El domingo 23 dijo en su penúltima homilía: “…hermanos son de nuestro mismo pueblo, matan a sus mismos hermanos campesinos, y ante una orden de matar que dé un hombre, debe prevalecer la ley de Dios que dice no matar… ya es tiempo que recuperen su conciencia y obedezcan a su conciencia… en nombre de Dios pues, y en nombre de este sufrido pueblo, cuyos lamentos suben hasta el cielo cada día más tumultuosos, les suplico, les ordeno, cese la represión”. El mensaje reproducido por los diarios, fue leído por los autores del crimen quienes terminaron de precisar la ejecución. En un país y una Región en donde la violencia criminal tiene capacidad de ordenar la muerte, el mensaje de Romero posee vigencia y la trascendencia de la verdad…
Quienes tienen fe tendrán un ejemplo de vida a imitar, un mensaje que escuchar. Los creyentes de cualquier denominación: cristianos, judíos y musulmanes, reconocen que el Dios a quien se refiere, por quien ofrendó su vida, es el mismo, “es ante Dios, un mártir sin discusión, quienes han caído por la causa de Dios, están vivos”, dijo un imán marroquí en San Salvador. Cualquiera que crea en algo, en la dignidad de las personas, en la vida humana, en la paz…, identificará la fortaleza moral y espiritual del hombre cuya huella se agiganta.

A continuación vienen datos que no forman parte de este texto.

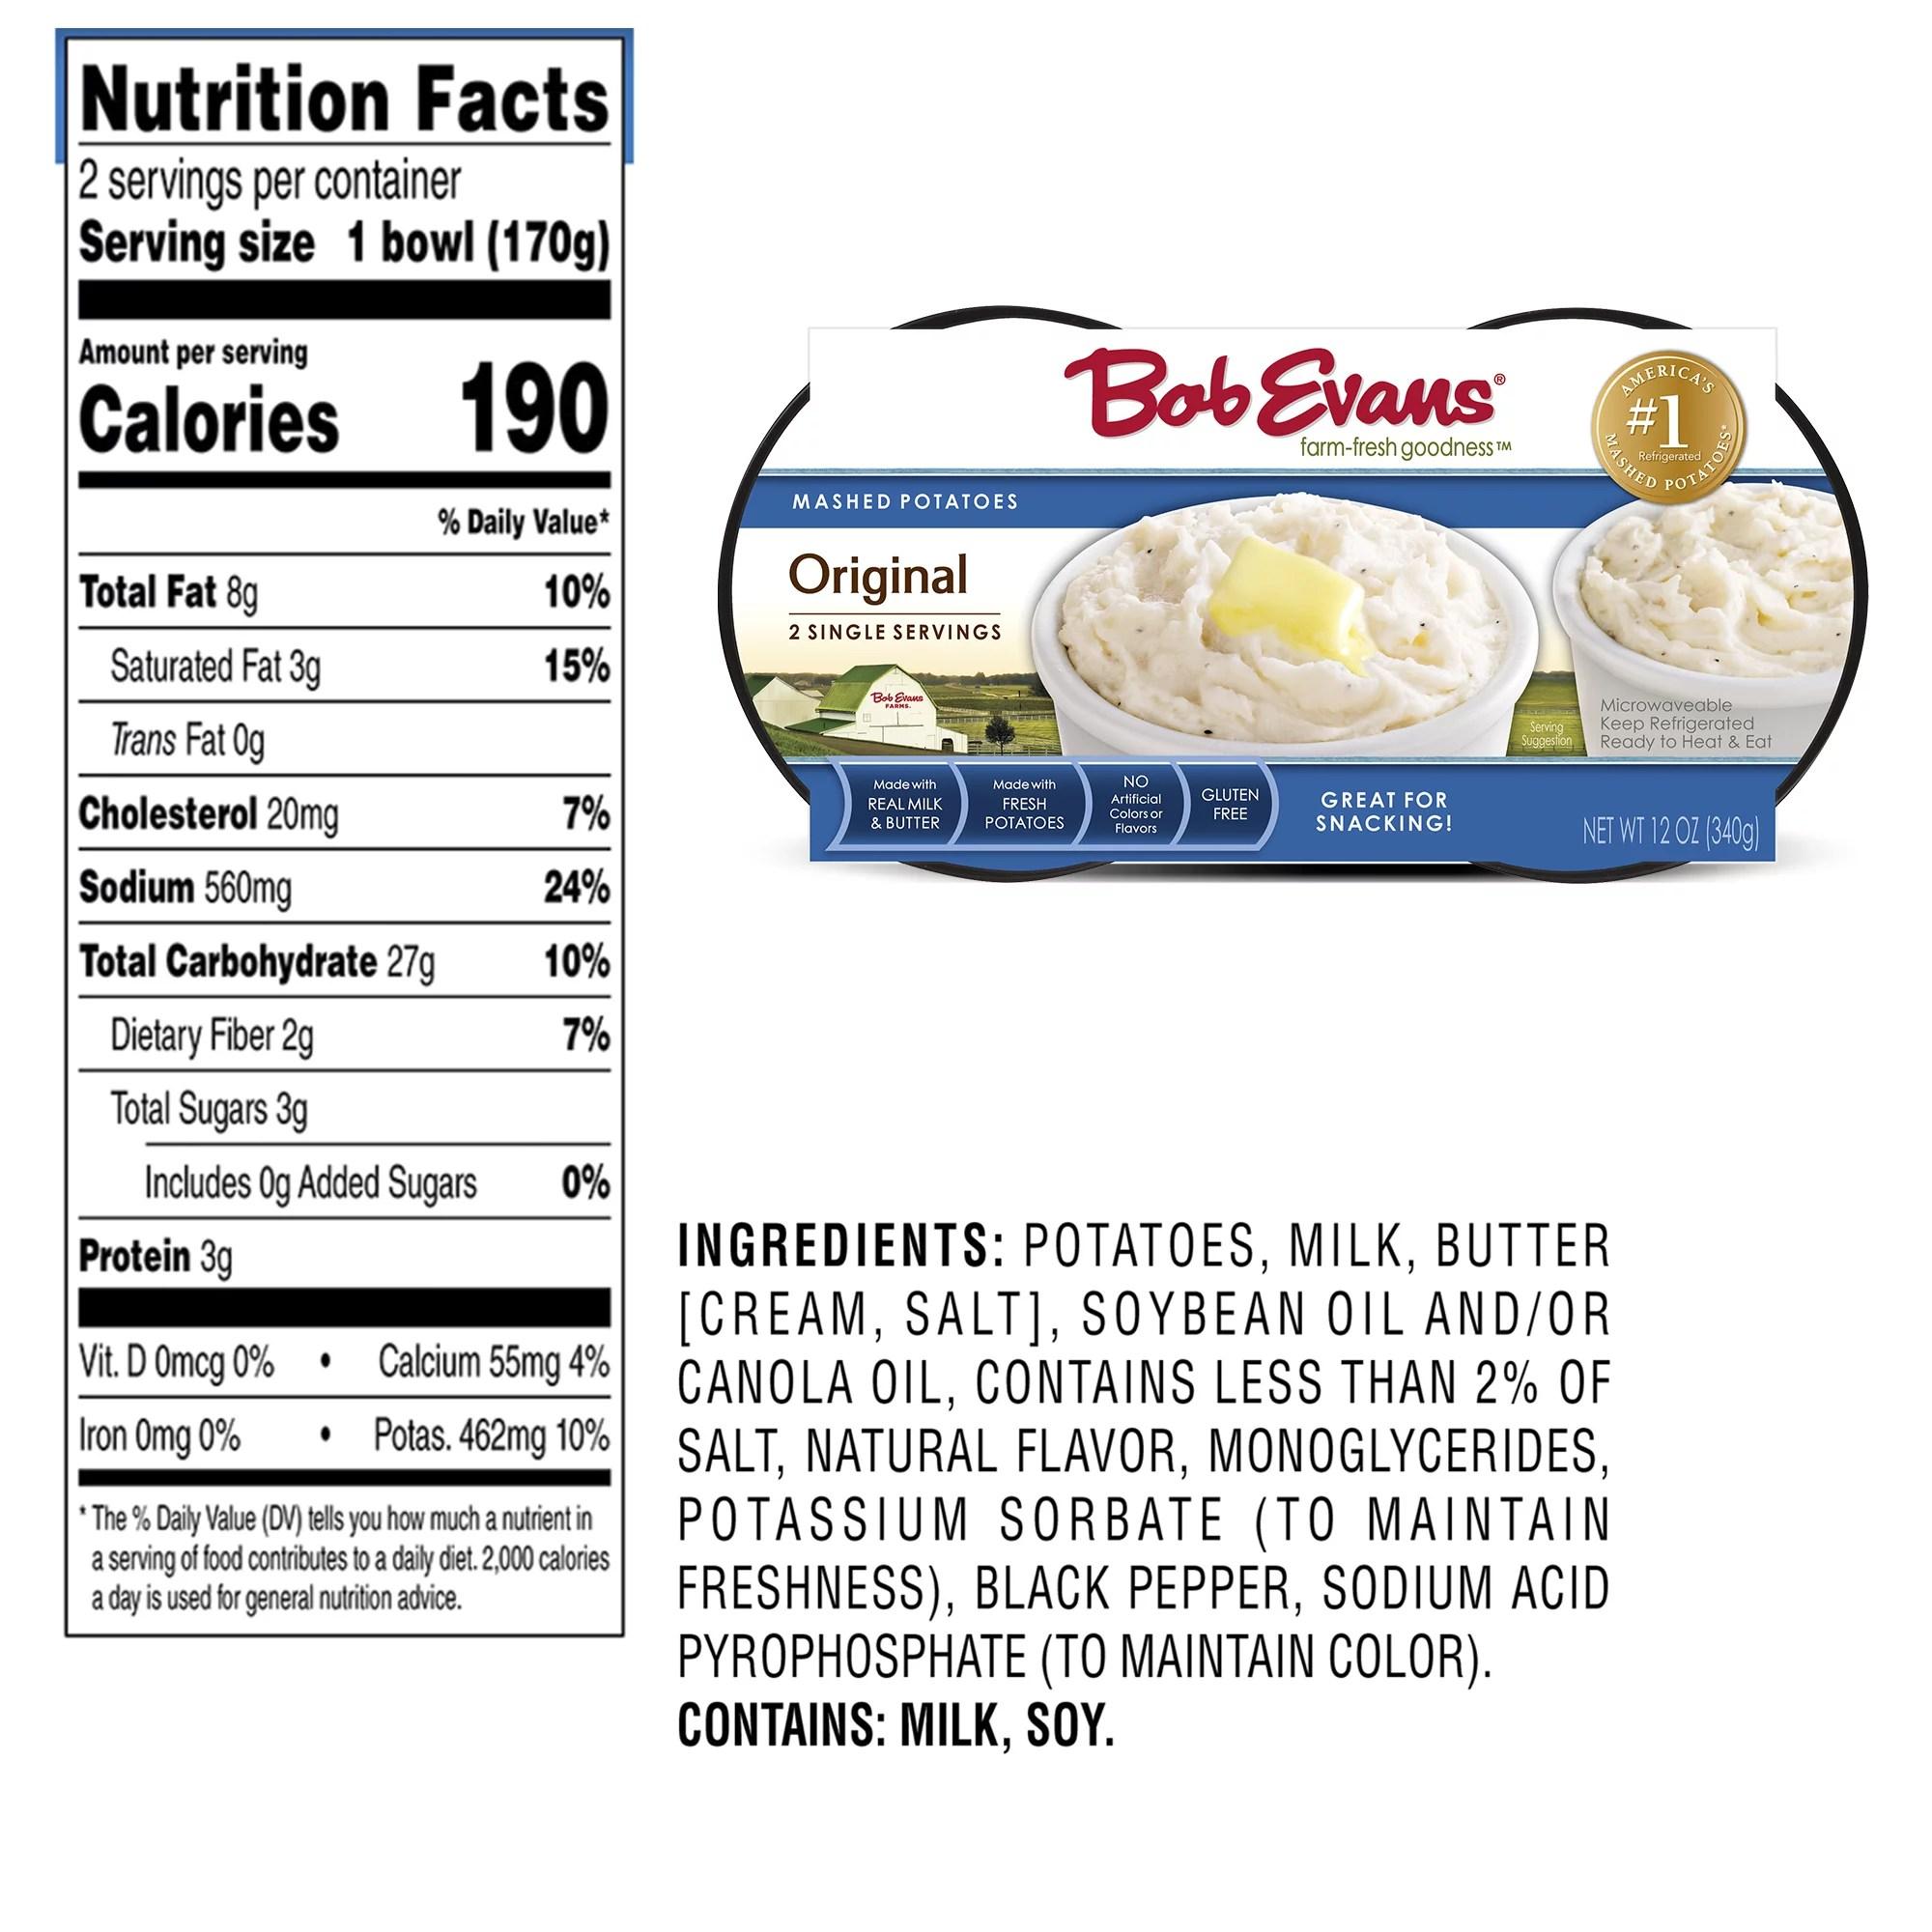 bob evans original mashed potatoes single serving twin cups 12 oz pack of 1
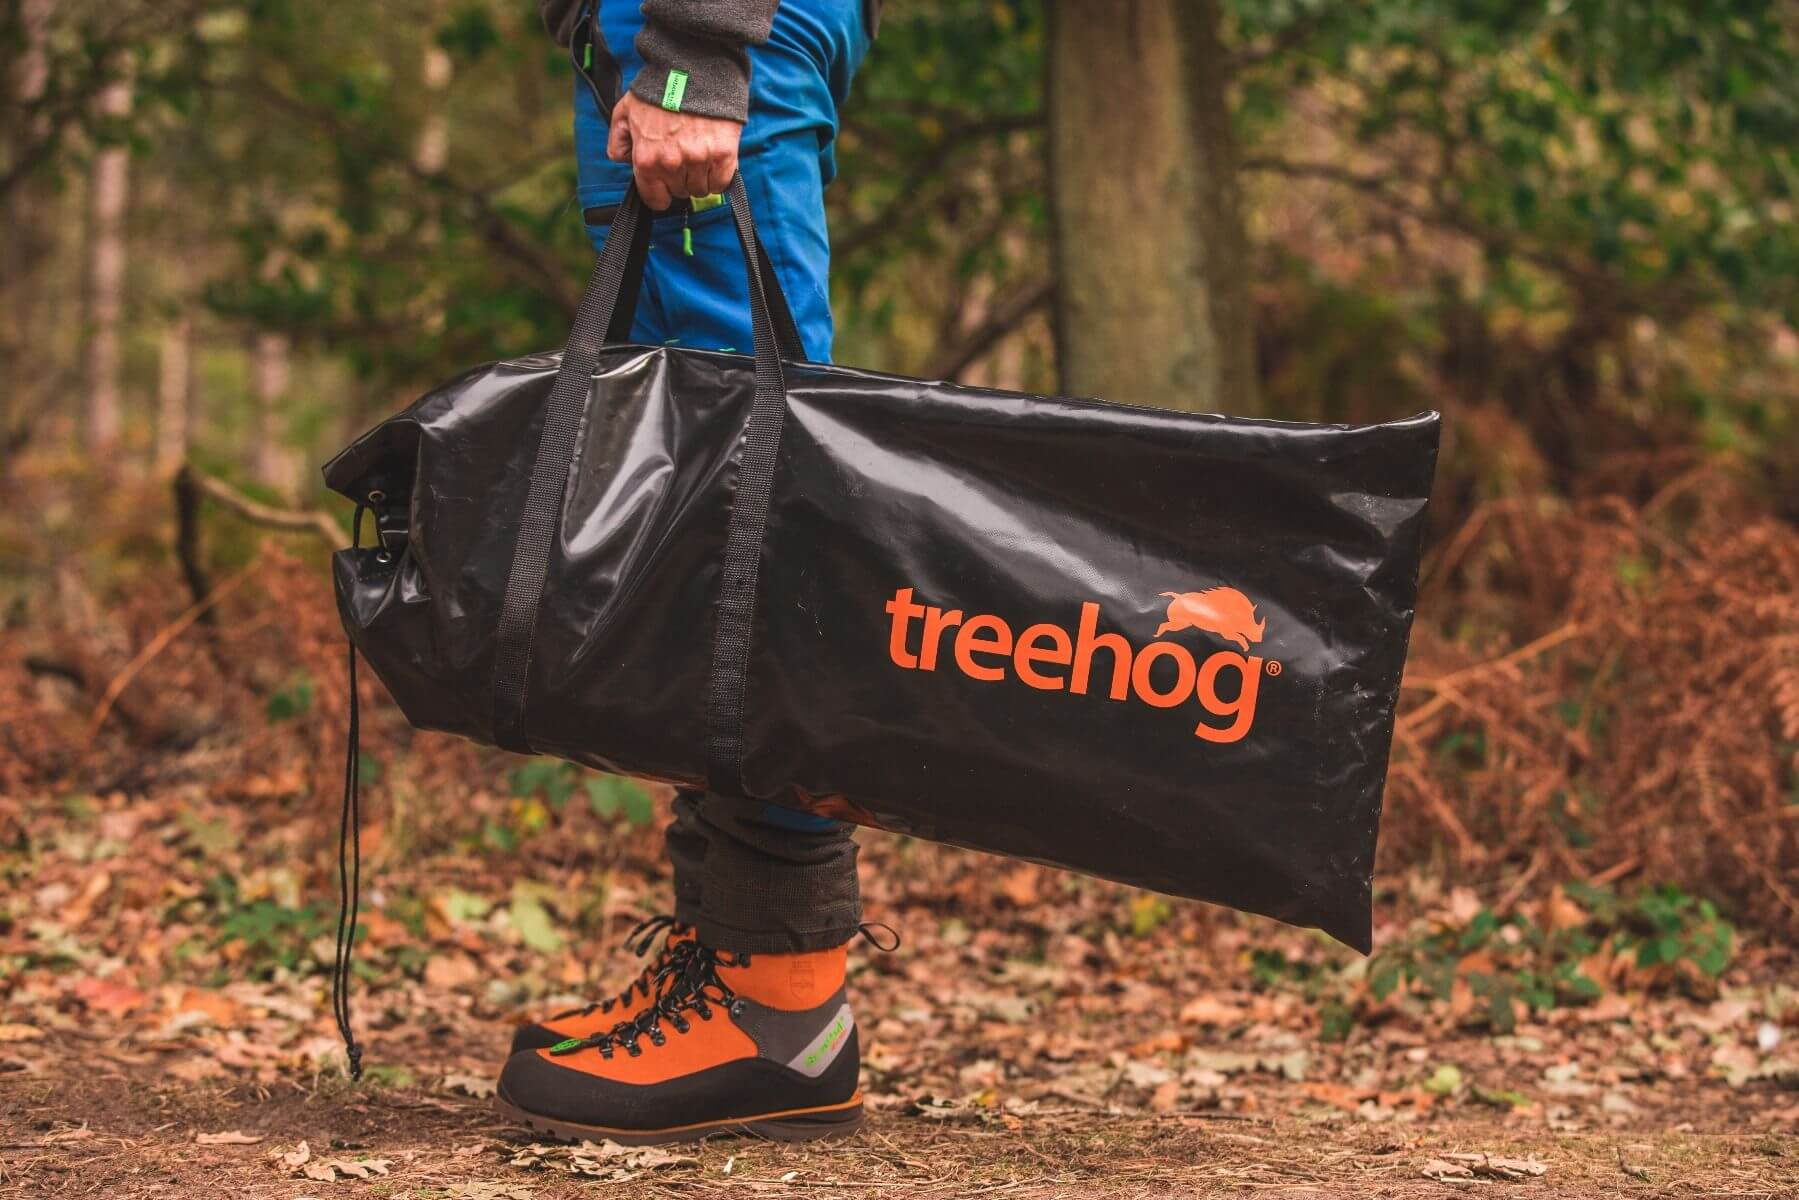 Treehog Mesh Guard System

El 23 de marzo de 2015, treinta y cinco años después del martirio –dos meses antes de la beatificación el 23 de mayo-, en el sótano de Catedral, en donde está la cripta con sus restos, hubo un sorprendente encuentro ecuménico en donde una asamblea de laicos y religiosos católicos, bautistas, anglicanos, musulmanes, judíos y de la Fe Bahai, reconocieron que en el mensaje de Romero “estamos unidos a un mismo Dios, vivo y verdadero, que está pendiente de las necesidades de los más vulnerables”. Desde la Fe Bahai: “se sacrificó para cambiar y traer los atributos del mundo de Dios”. Una religiosa reconoció: “unidos por la creencia en un Dios único, unidos con las personas de buena voluntad”. El pastor Bautista, en su predicación preguntó: “¿Qué dirán los que planearon su muerte, los que financiaron su muerte, los que dispararon y ocultaron a los autores, ahora que está más vivo que nunca, que ha vuelto en su resurrección? ¿Cómo cargan su culpa? Celebremos la bendición de su herencia”. Para un fraile franciscano: “Es el modelo del buen pastor que necesita este pueblo, nos deja su legado de fidelidad a Jesucristo, al Evangelio”. Mons. Urioste contó que una vez el Arzobispo lo llamó preocupado por lo que enseña el capítulo 25 del Evangelio de Mateo: “…Vengan benditos de mi padre… porque tuve hambre y me disteis de comer; tuve sed, y me disteis de beber,…”; dijo: “no sé cómo soy con los pobres, cuando nos presentemos al Señor, lo más importante es cómo fuimos con los pobres…” Un sacerdote, en su homilía concluyó: “Según el padre Ellacuría, con monseñor Romero, Dios pasó por El Salvador…”… Se quedó en San Salvador y Centroamérica, entre nosotros, desde la trascendencia del mensaje y de la vida consecuente; símbolo y referente; fe y pertenencia; desde el punto de vista que se vea, es innegable.